Tren ancaman kejahatan yang muncul
di dunia maya atau "cyber crime" kini semakin canggih dan mengakibatkan
pengguna internet mengalami kerugian cukup besar setiap tahunnya.
Product Marketing Manager for Consumer & Small Business Symantec Wilayah Asia Selatan, Philip Routley, kepada wartawan di Surabaya, Selasa (22/10), mengungkapkan penjahat dunia maya saat ini menggunakan serangan lebih canggih, seperti "ransomware" dan "spear-phishing" yang memberikan uang lebih banyak dari serangan sebelumnya.
"Dengan sifat internet yang tanpa batas, ancaman kejahatan cyber tidak terbatas pada negara tertentu dan Indonesia juga tidak kebal terhadap serangan tersebut," katanya saat menyampaikan Laporan Norton 2013.
Dari laporan itu, terungkap bahwa jumlah orang dewasa pengguna internet yang mengalami kejahatan cyber mengalami penurunan dari 46 persen pada 2012, menjadi 41 persen pada 2013.
"Akan tetapi, angka kerugian yang dialami korban justru meningkat hampir 50 persen, dari rata-rata hanya 197 dolar AS pada 2012, menjadi 298 dolar AS. Ini menjadi bukti bahwa kejahatan di dunia maya sudah semakin canggih cara kerjanya," kata Philip.
Secara global, angka kerugian akibat kejahatan cyber selama satu tahun mencapai 113 miliar dolar AS dengan jumlah korban mencapai 378 juta orang atau sekitar 12 orang menjadi korban setiap detiknya.
Saat ini, menurut Philip, masyarakat tidak bisa lagi bersikap acuh terhadap perlindungan informasi berharga yang dimilikinya, baik berupa identitas pribadi, kartu kredit maupun rincian data keuangan.
Meningkatnya jumlah masyarakat Indonesia yang terhubung ke internet dengan menggunakan perangkat bergerak (mobile), lanjut Philip, juga perlu didukung langkah-langkah proaktif untuk melindungi informasi dari risiko keamanan.
"Saat konsumen menjadi lebih 'mobile' saat terhubung ke internet, kemudahan ini sering kali diikuti dengan dampak terhadap biaya dan keamanan mereka.
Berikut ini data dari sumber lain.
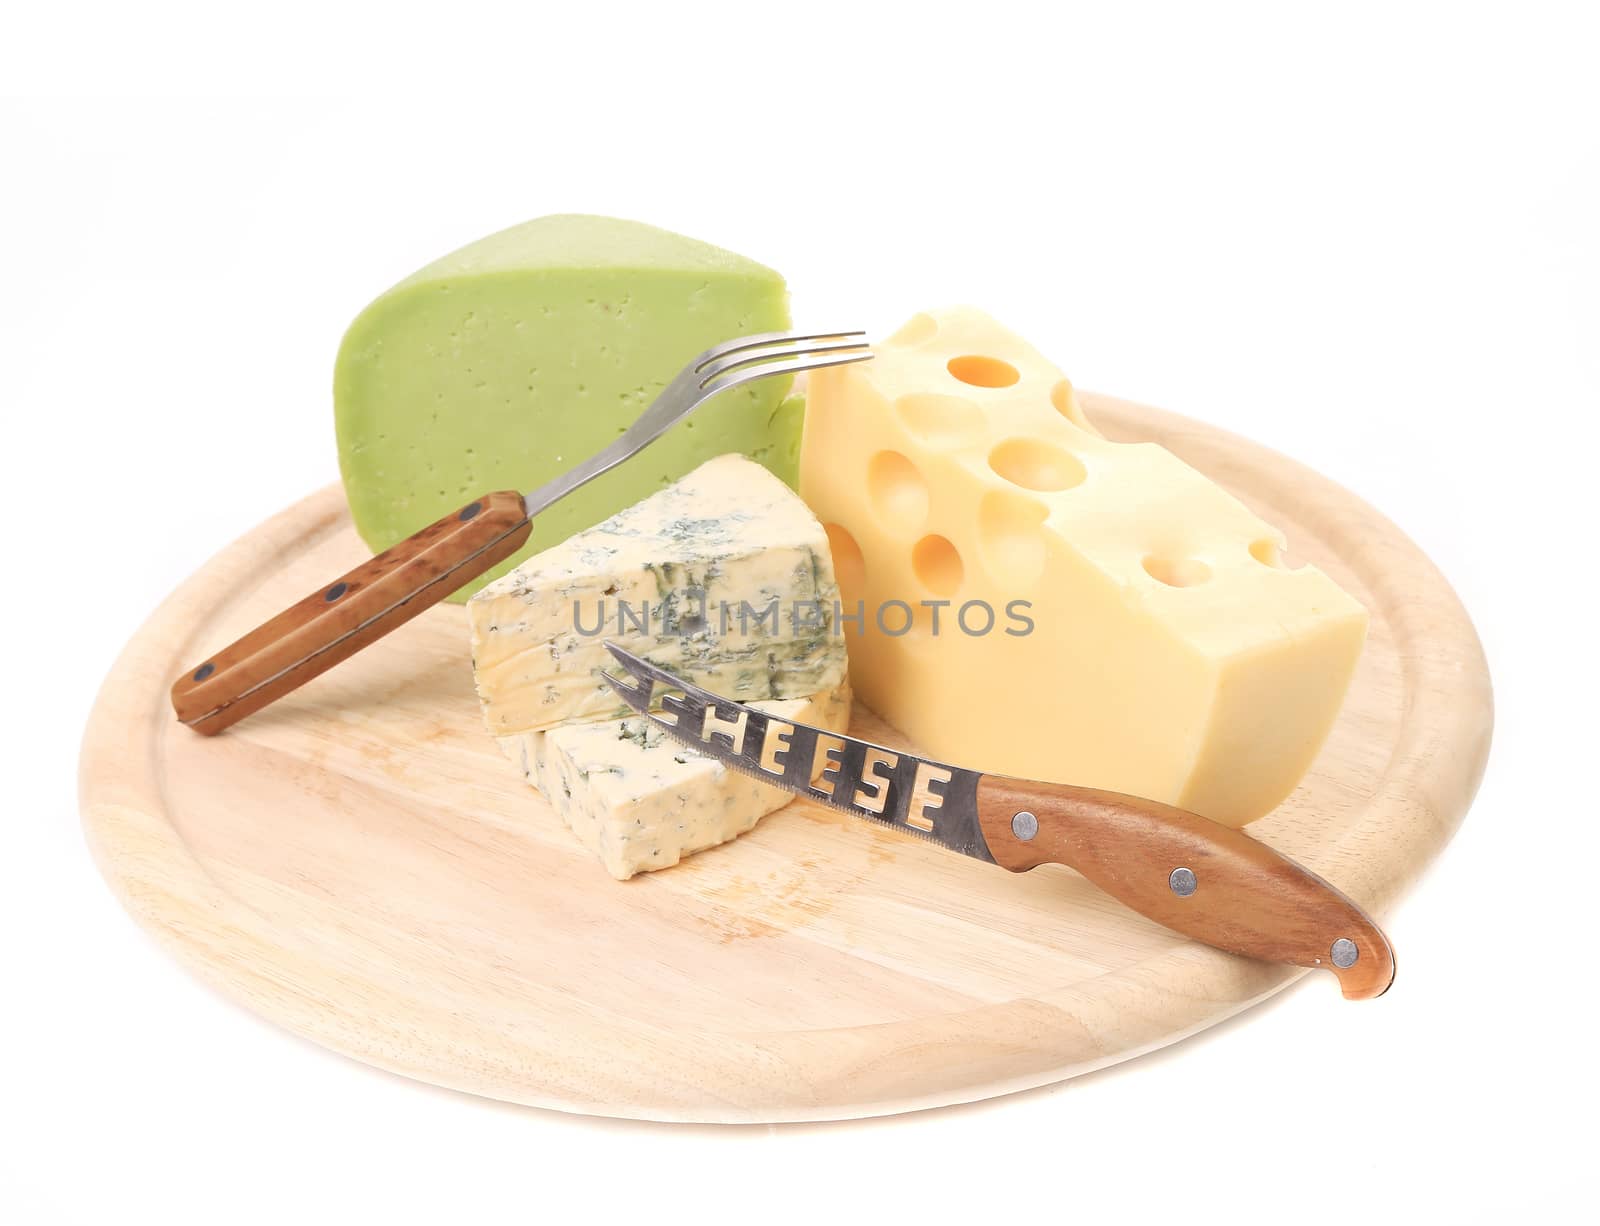 Various types of cheeses on wood. Isolated on a white background.

Penjahat cyber punya potensi mengakses berbagai informasi, termasuk yang lebih berharga," tambahnya.
Symantec's Consumer Sales Manager for Indonesia, Rita Nurtika, menambahkan kendati konsumen sudah melakukan perlindungan terhadap komputer, tetapi masih banyak di antara mereka yang tidak peduli dengan keamanan telepon pintar dan komputer tabletnya.
"Kondisi ini seperti memiliki sistem alarm untuk rumah, tapi meninggalkan mobil tidak terkunci dan jendela terbuka. Kecerobohan ini menempatkan konsumen serta identitas digitalnya dalam bahaya," katanya.